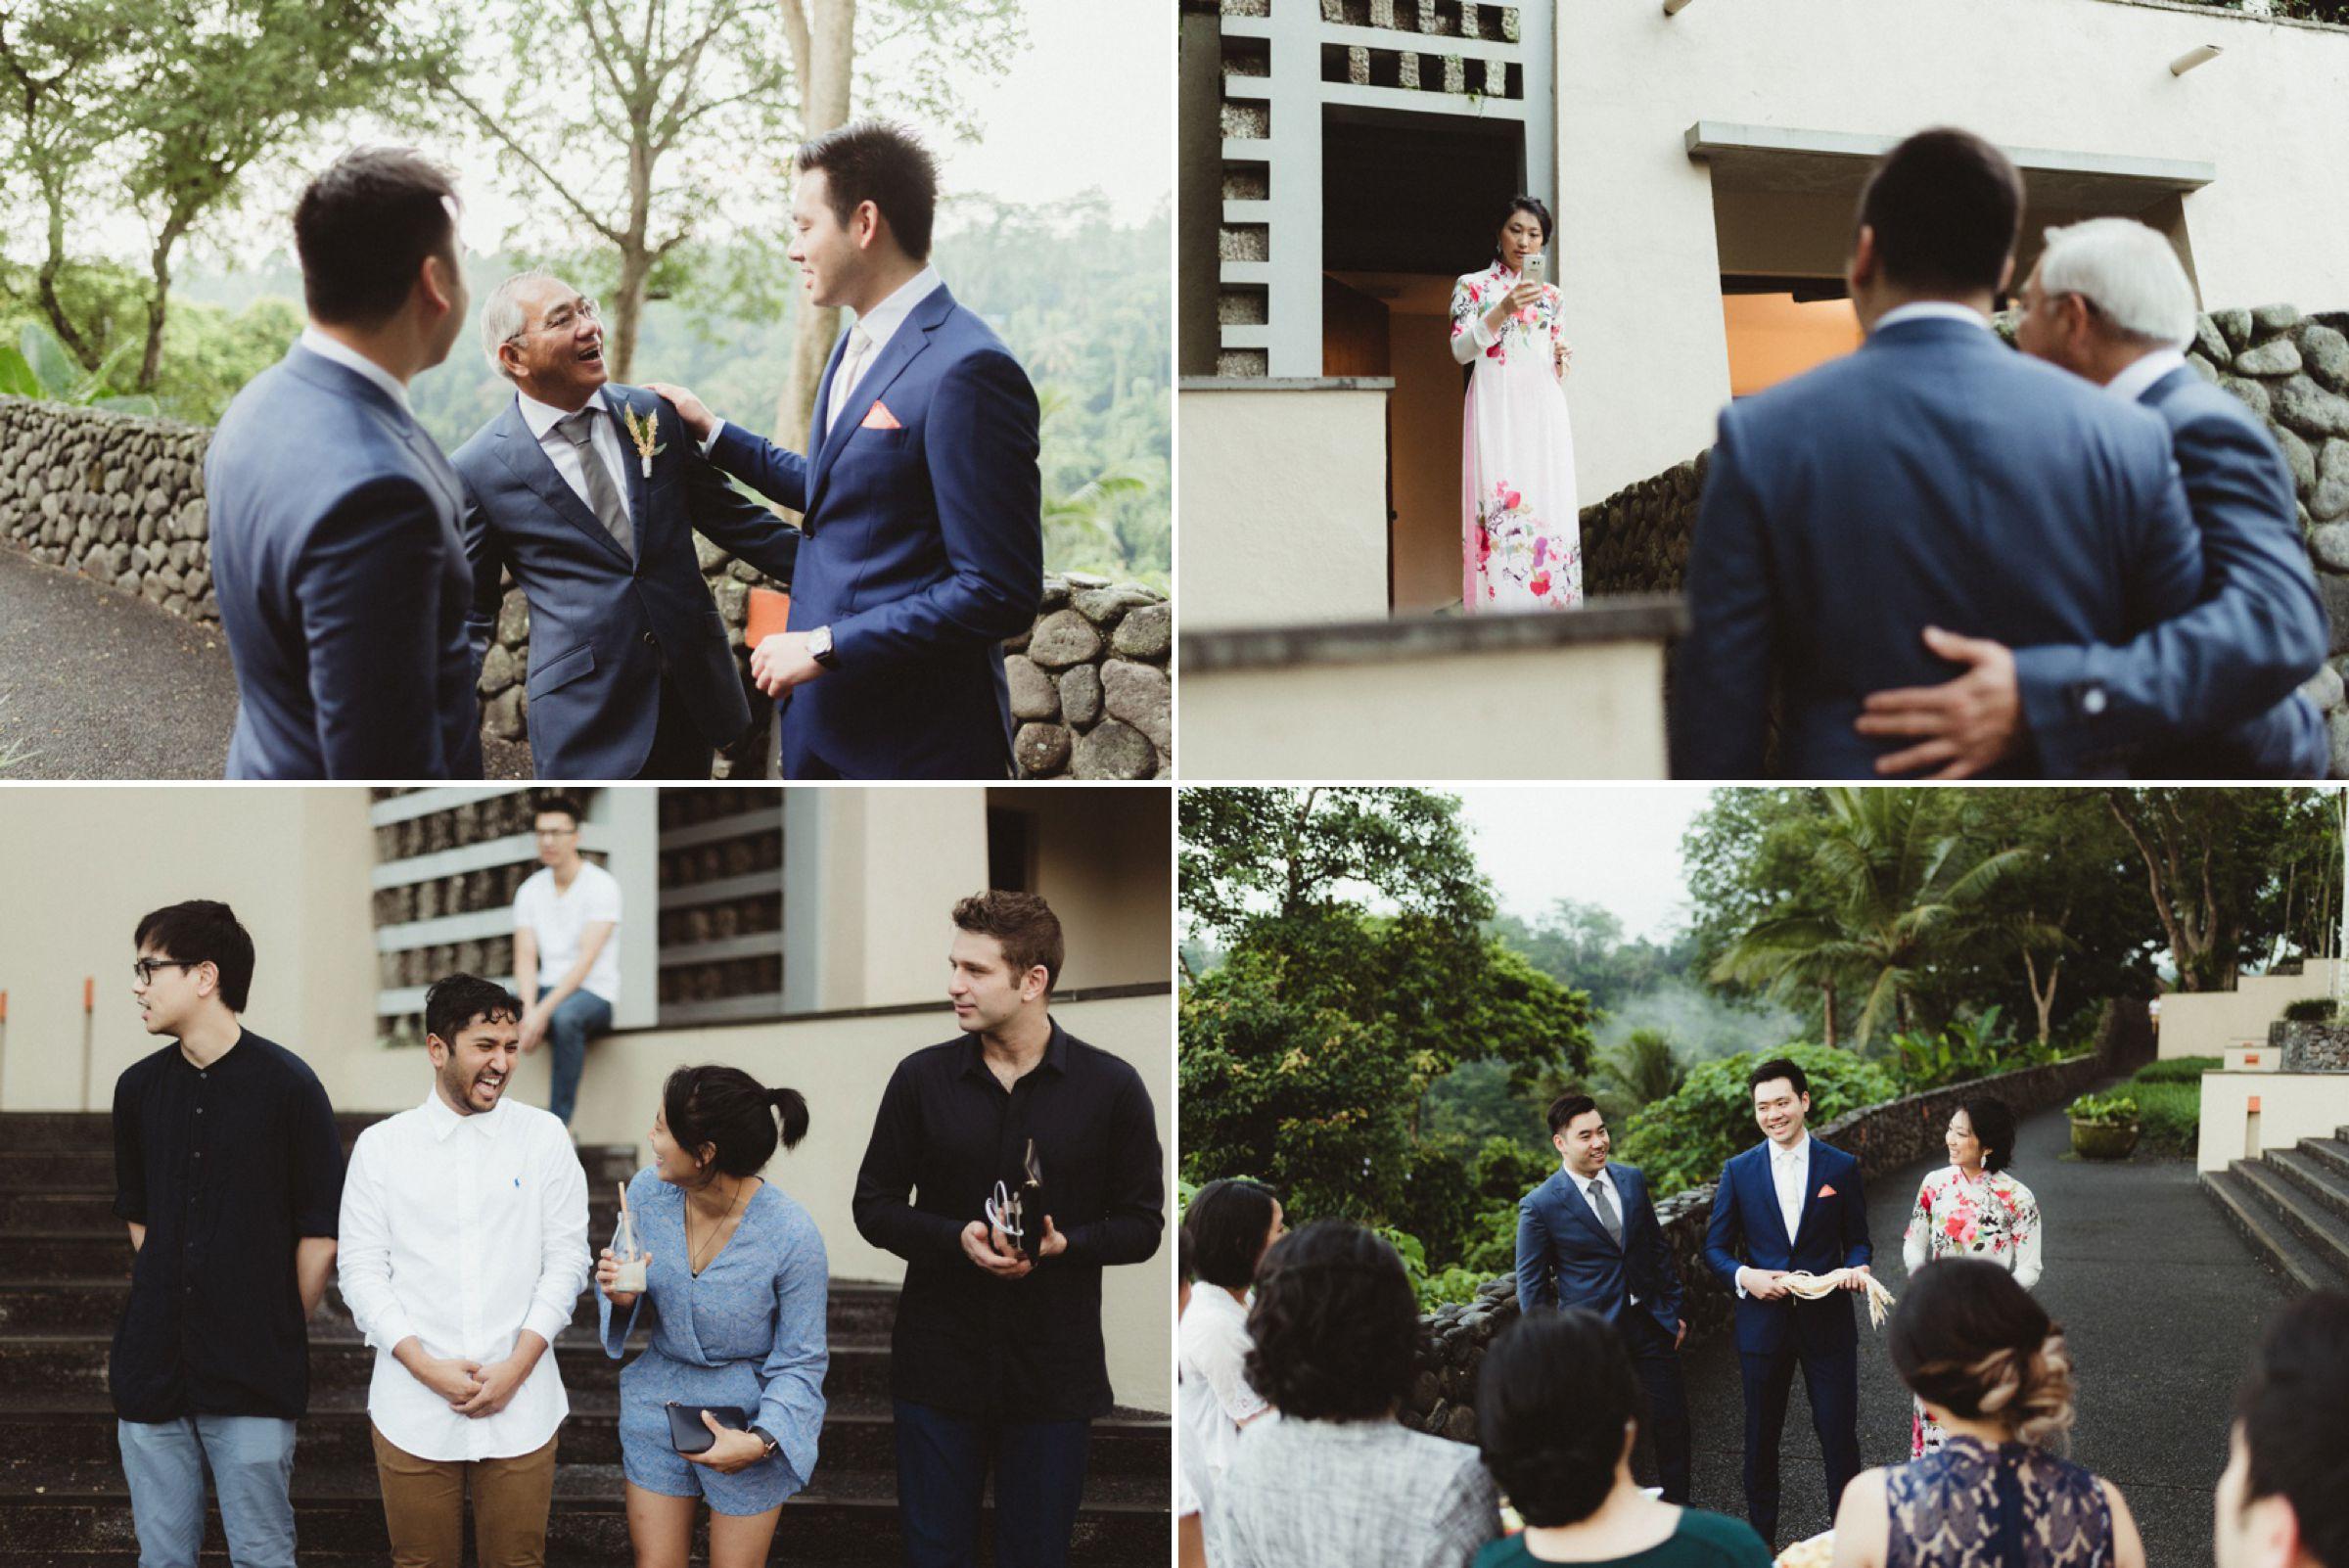 Tim-Danika-Bali-Wedding-Pyara-Photo-Evans 14.jpg
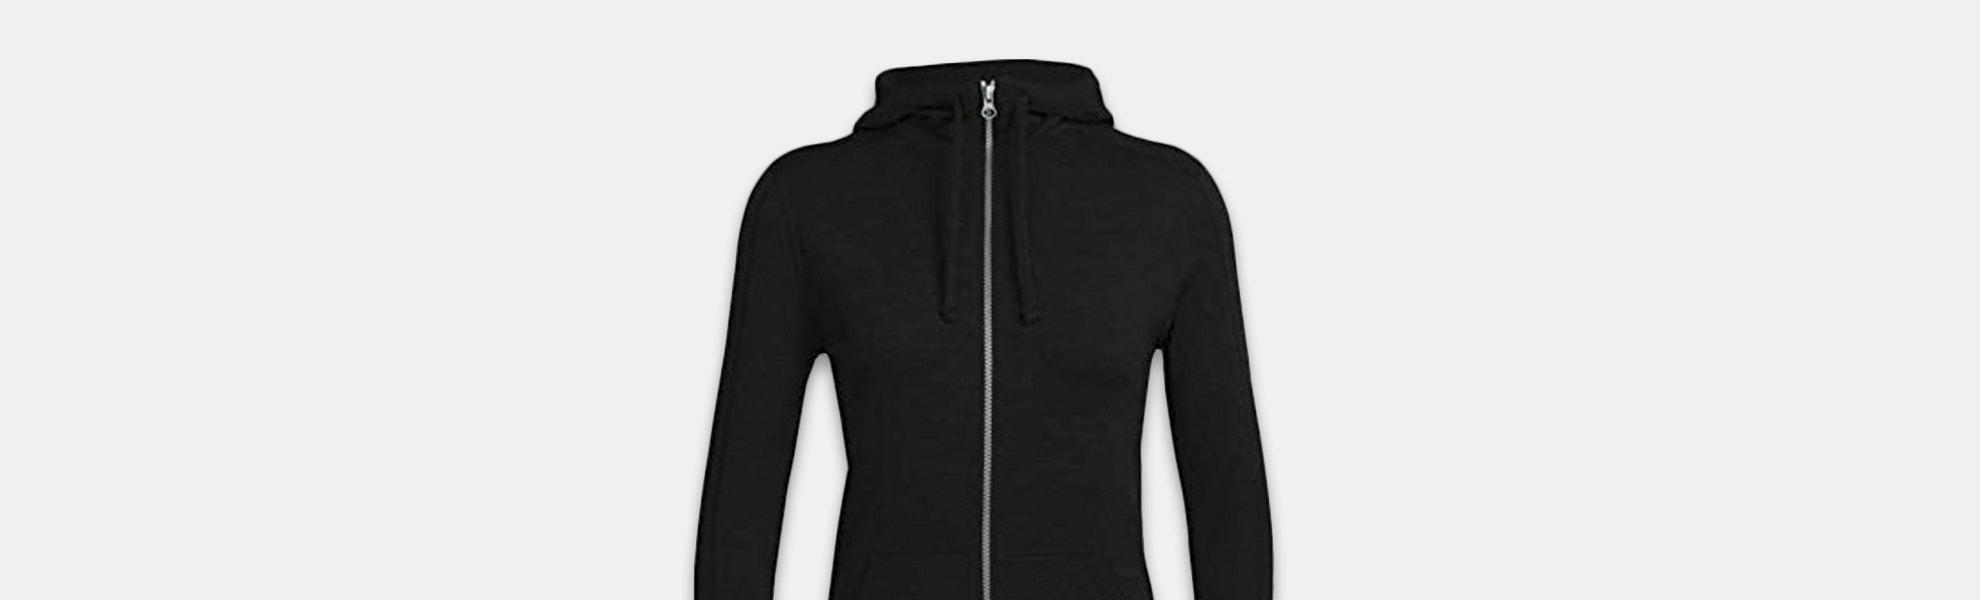 Icebreaker Dia Women's Long-Sleeve Hooded Jacket
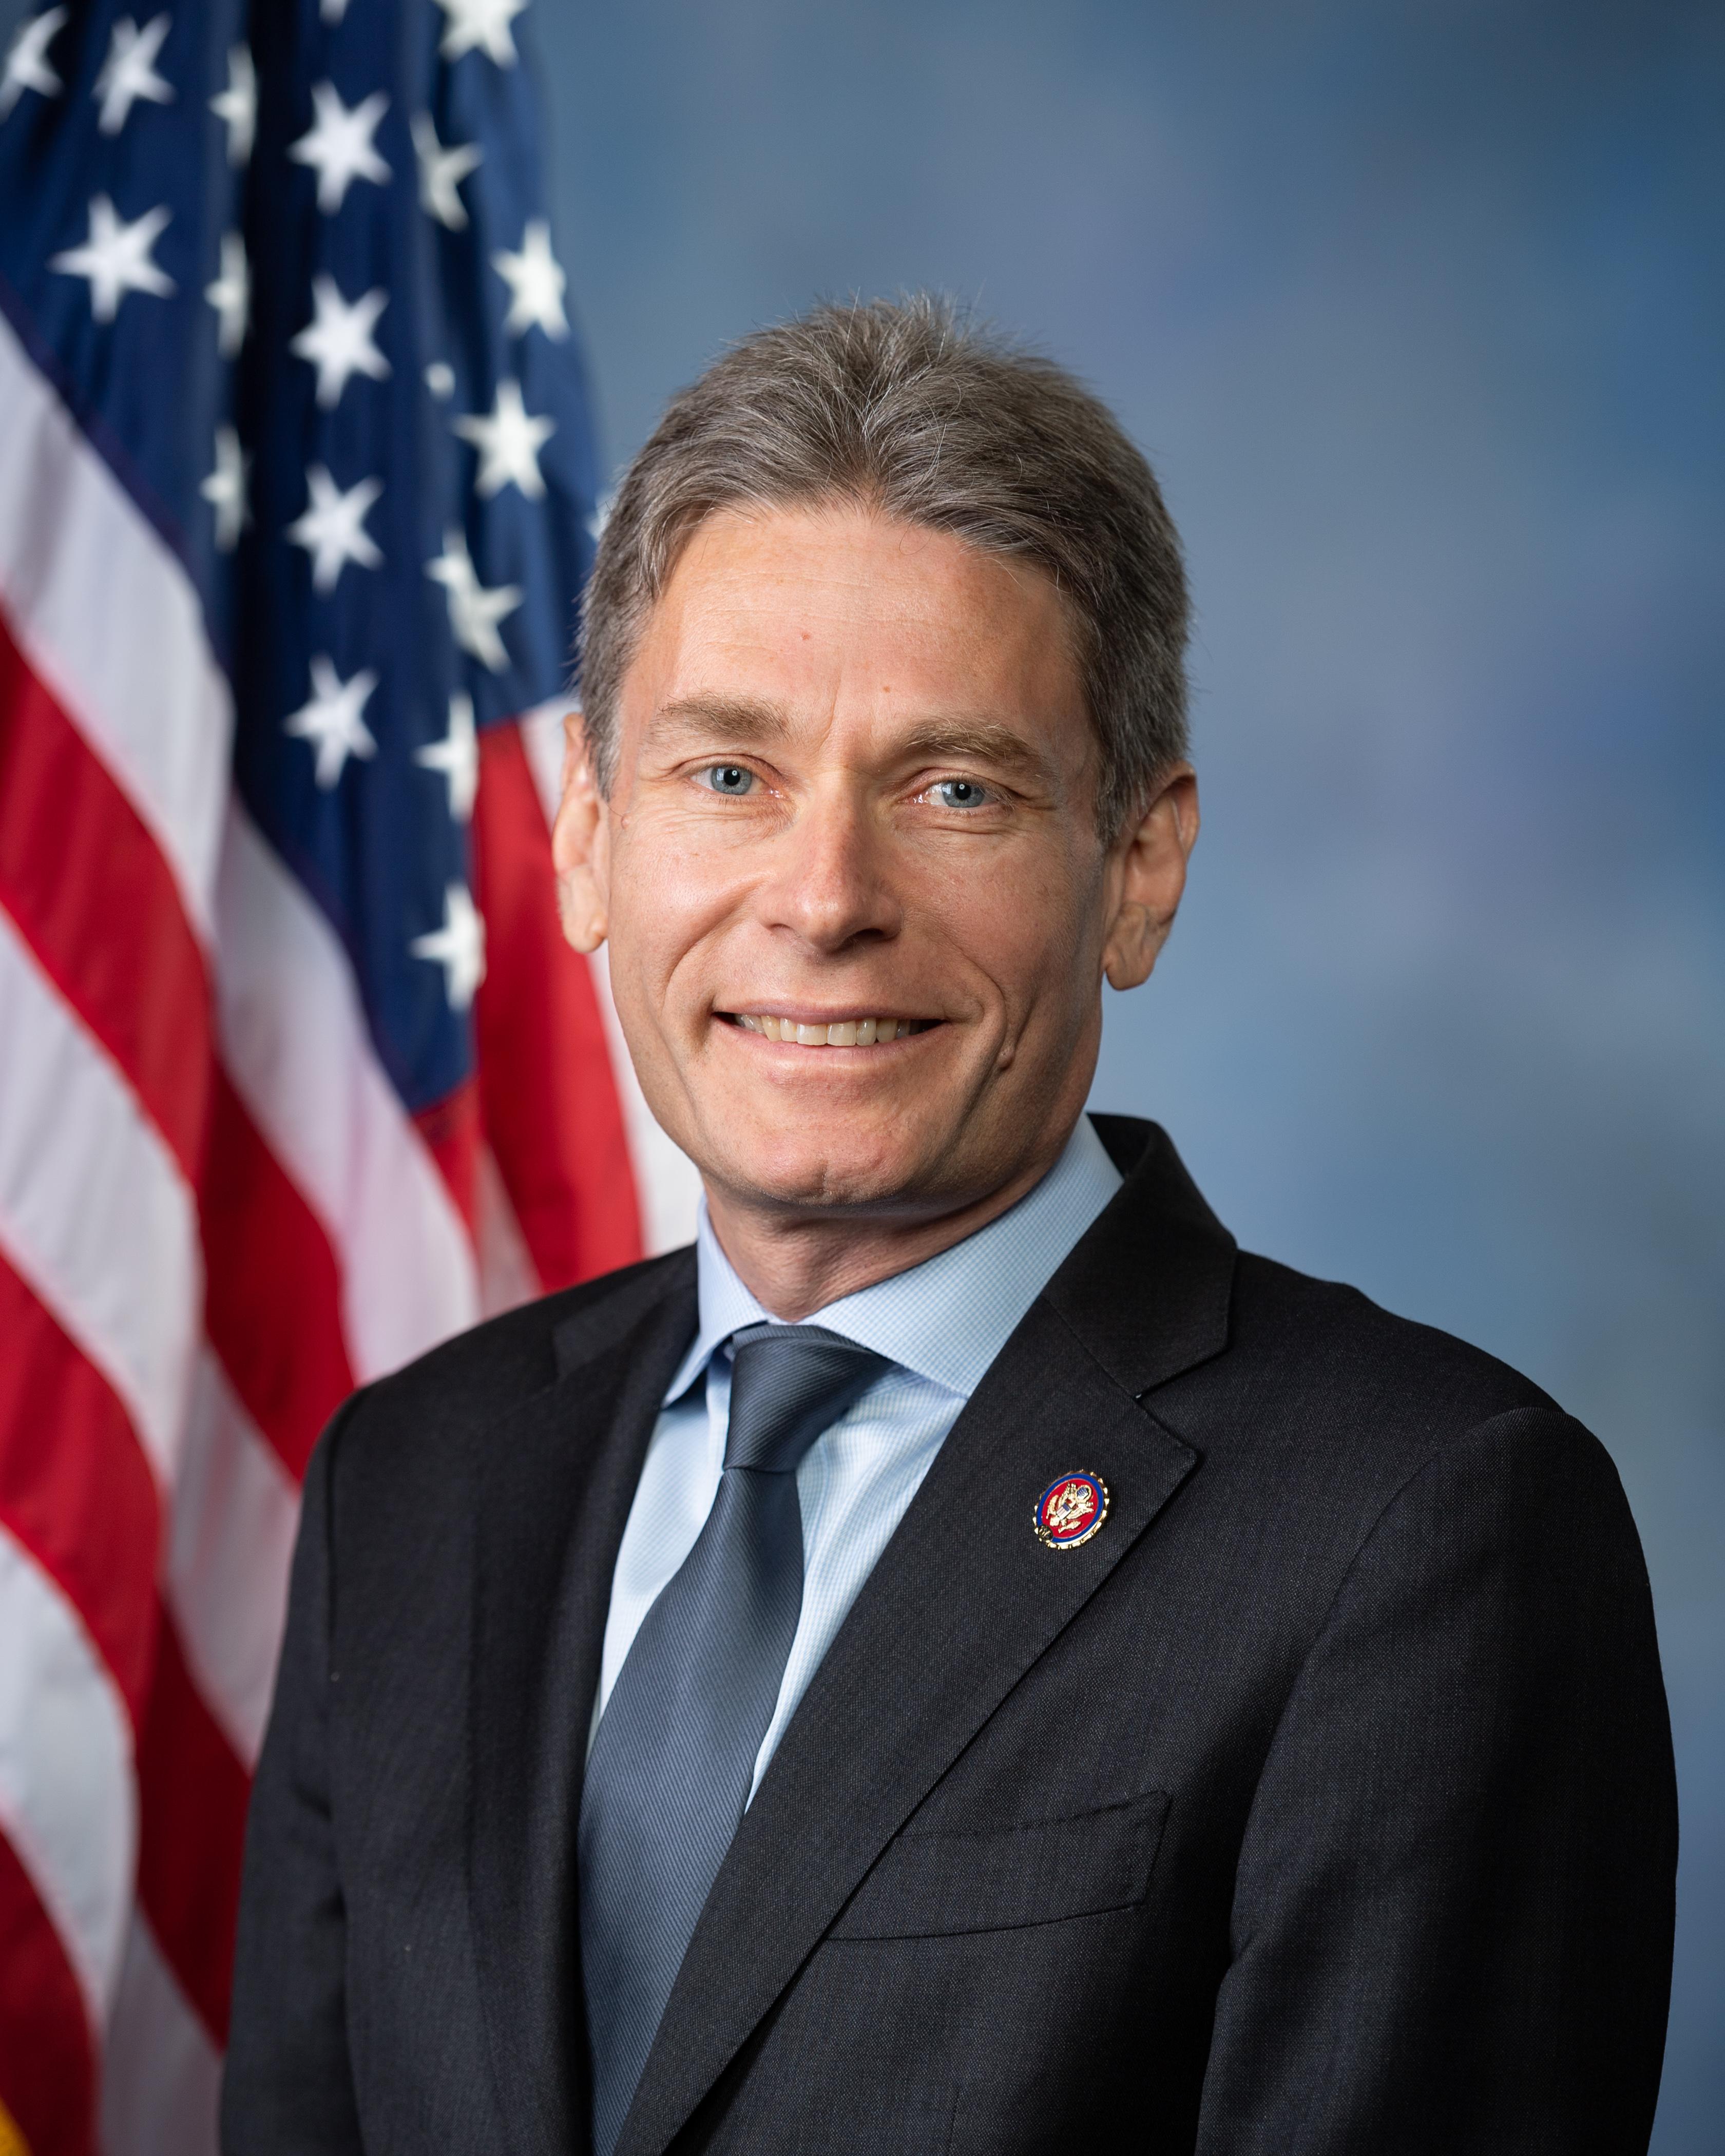 Congressman Tom Malinowski

> Exercise details
Set the whole listing down again unchanged, apart from the pictures, which are omitted.

> Written solution
 Tim-Danika-Bali-Wedding-Pyara-Photo-Evans 14.jpg
 Icebreaker Dia Women's Long-Sleeve Hooded Jacket
 Congressman Tom Malinowski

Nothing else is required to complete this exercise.